I've seen some higher-end HVAC systems that have a static-charged 'grid' which air passes through and supposedly traps even the tiniest stuff.


----------



## clin (Sep 3, 2015)

> Clin,
> I would be interested to see if an ionizer would help at reducing the particulate count. From my understanding, ionizers are supposed to cause particles to become electrically attracted to eachother, sticking together and thus becoming larger and heavier particles that will then precipitate out (or be easier to filter).
> 
> I ve seen some higher-end HVAC systems that have a static-charged grid which air passes through and supposedly traps even the tiniest stuff.
> ...


I don't know why it wouldn't work, other than maybe dealing with the amount of dust. But I do see a difference between running a room filter in, say a bedroom, 24/7 just to keep the air cleaner as compared to what's need to deal with a machine that sends a relatively large amount of dust into the air in a very short time.


----------



## zzzzdoc (Mar 6, 2010)

A normal Jet (or similar) air cleaner rapidly cleans the air in my shop, as demonstrated by my Dylos meter. Within about 10 minutes after sanding and generating fine dust particles, the levels are far less than the ambient air. (Ambient air particle count about 500, the Jet air cleaner gets levels down below 100 - below 50 if left on for an hour or so). This is with an activated charcoal filter, I think MERV 13.

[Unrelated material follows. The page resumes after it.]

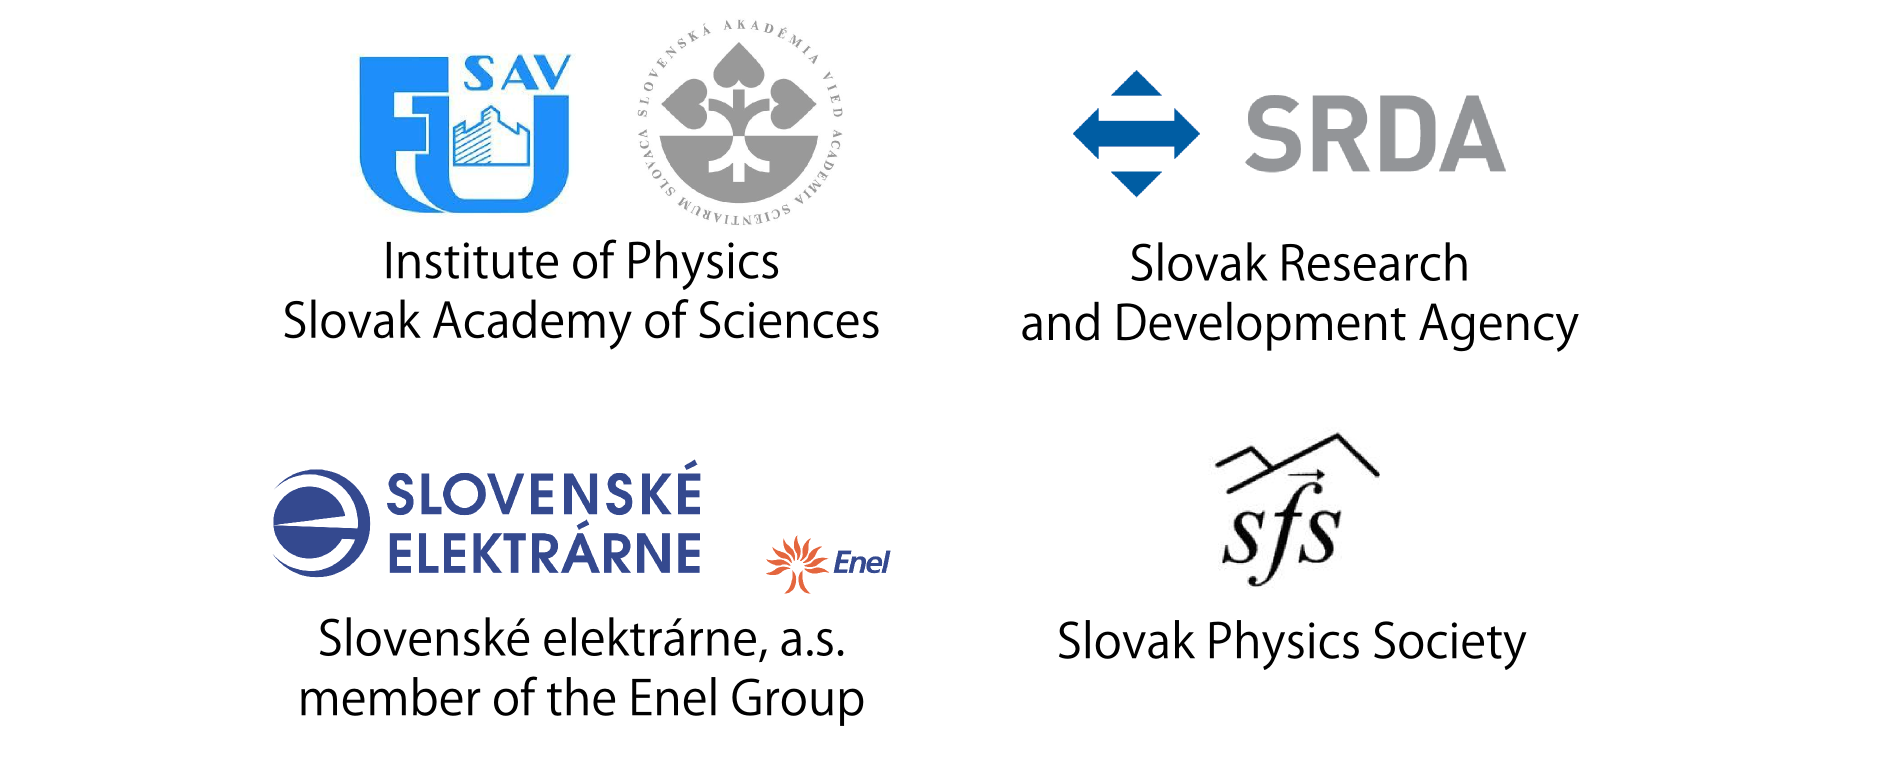 Institute of Physics SAS, Slovak Physics Society, Slovak Research and Development Agency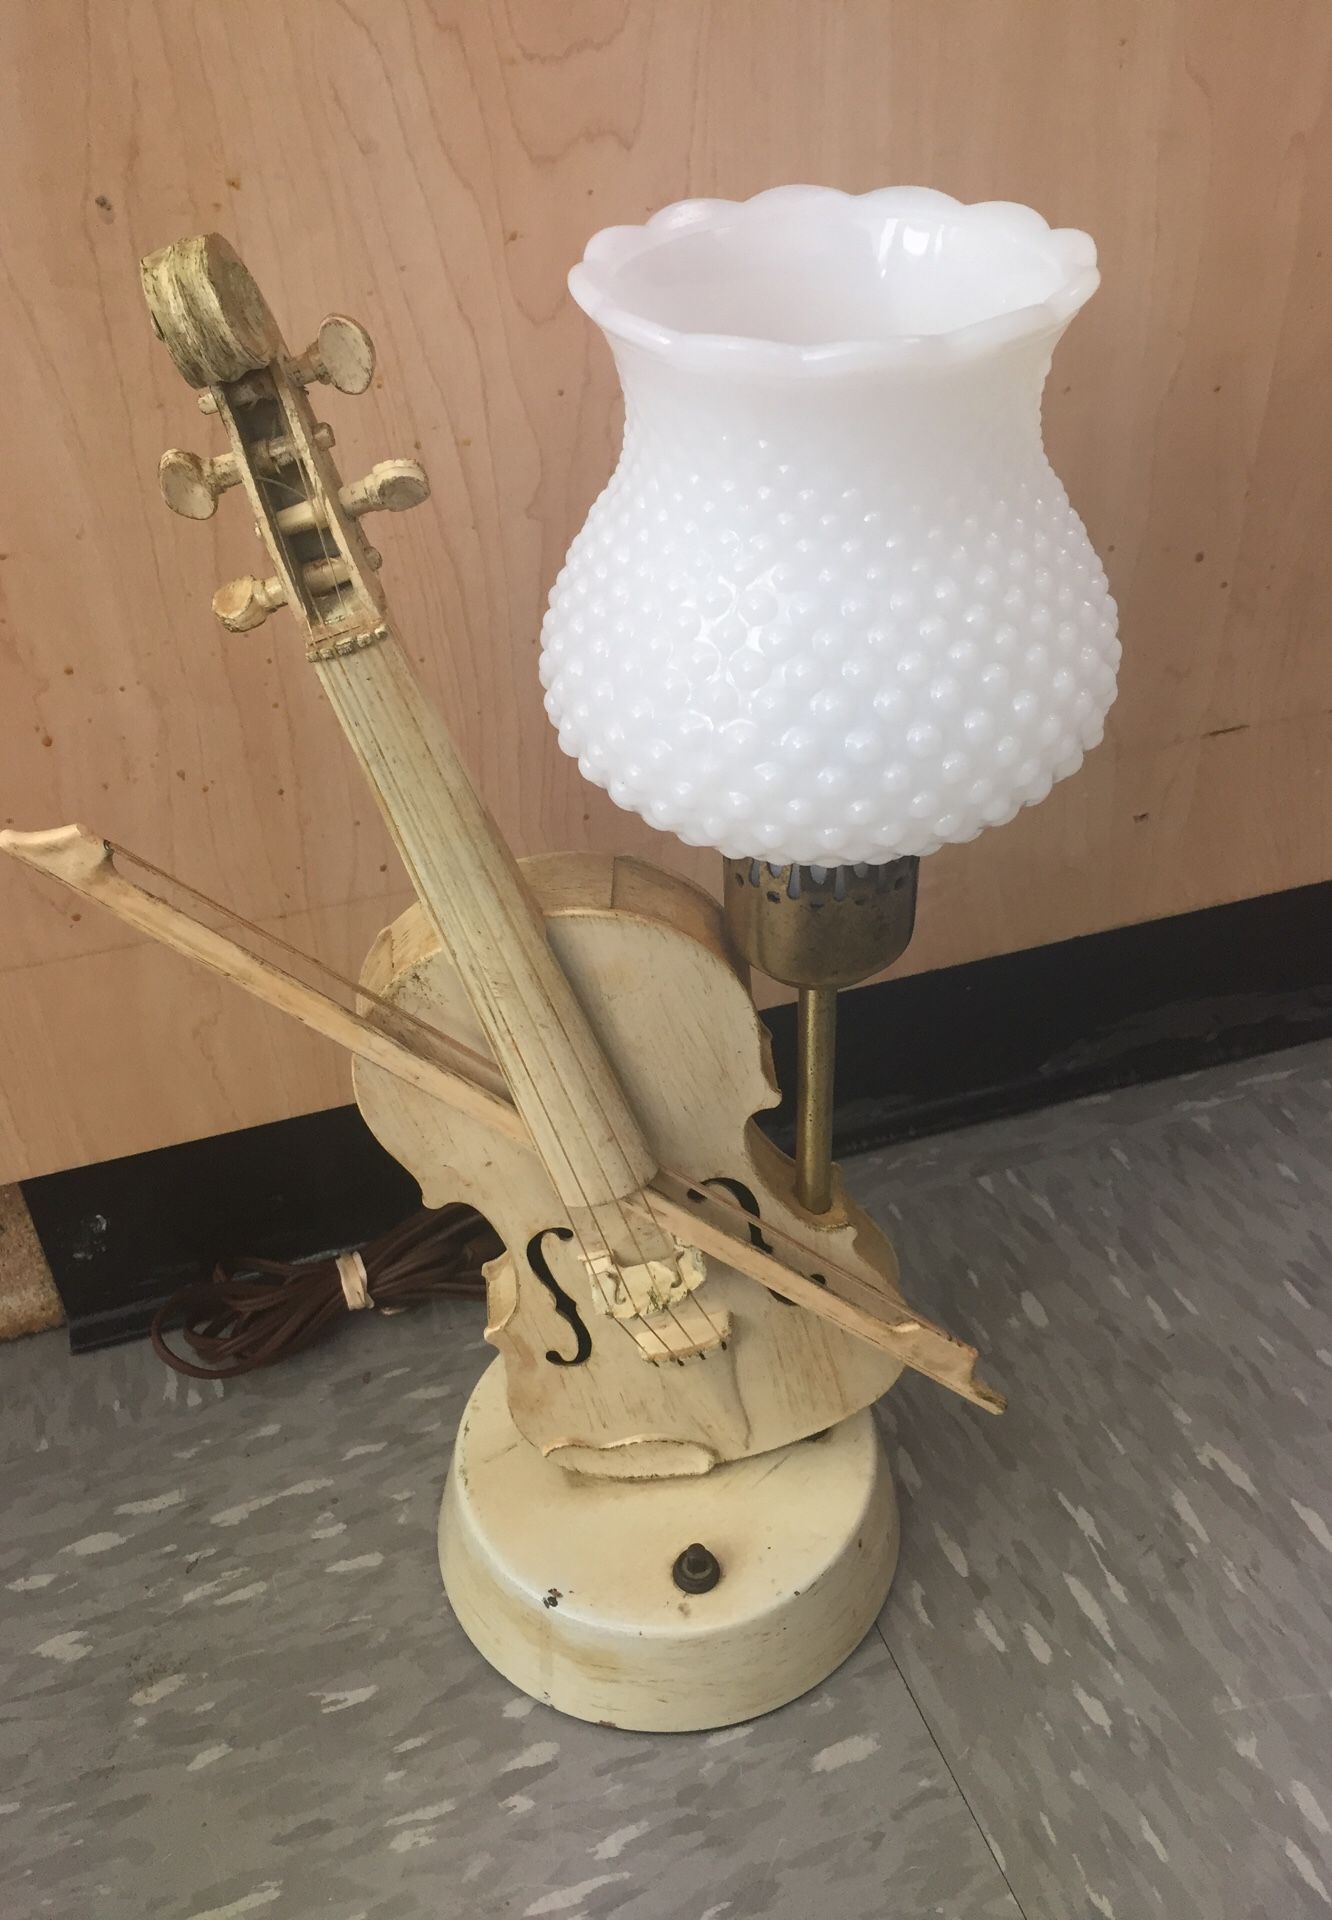 Each Vintage 1940's Violin Lamp mid century modern musical instrument milk glass shade 16" high

You may be overthinking the problem.


----------



## kelvancra (May 4, 2010)

I have air scrubbing systems and have had them installed on remodels I did. They're great, in my opinion. The metal grid is given a charge and anything contaminating the air is charged and sticks to the sides of metal plates with the opposite (positive) charge.

One of my systems removes smoke, but must be tossed in a dishwasher or otherwise intensively cleaned. Whole house filter systems mounted in front of filter systems (Honeywell and others make them) may need the same attention to deal with cooking or smoke.

Navy subs used to use transcripitors to scrub the air. A Popular Mechanics article I saved from the sixties tells how to make and use on from a flyback transformer from a TV, a car coil and some stove pipe.


----------



## kelvancra (May 4, 2010)

All the charcoal does is remove smells and chemicals. For a shop, it might be better to forego it to avoid bogging the flow of air of the system.

If you want the charcoal filter, put it on your finishing area system.



> A normal Jet (or similar) air cleaner rapidly cleans the air in my shop, as demonstrated by my Dylos meter. Within about 10 minutes after sanding and generating fine dust particles, the levels are far less than the ambient air. (Ambient air particle count about 500, the Jet air cleaner gets levels down below 100 - below 50 if left on for an hour or so). This is with an activated charcoal filter, I think MERV 13.
> 
> You may be overthinking the problem.
> 
> - zzzzdoc


----------



## kelvancra (May 4, 2010)

From my understanding, just ionizing the air helps, but only near the ionizer.



> Clin,
> I would be interested to see if an ionizer would help at reducing the particulate count. From my understanding, ionizers are supposed to cause particles to become electrically attracted to eachother, sticking together and thus becoming larger and heavier particles that will then precipitate out (or be easier to filter).
> 
> I ve seen some higher-end HVAC systems that have a static-charged grid which air passes through and supposedly traps even the tiniest stuff.
> ...


----------



## jgt1942 (Mar 25, 2013)

Quick Update, I've made a bit of progress. I went by Lowes and picked up some of the supplies, following is my new Sketchup drawing.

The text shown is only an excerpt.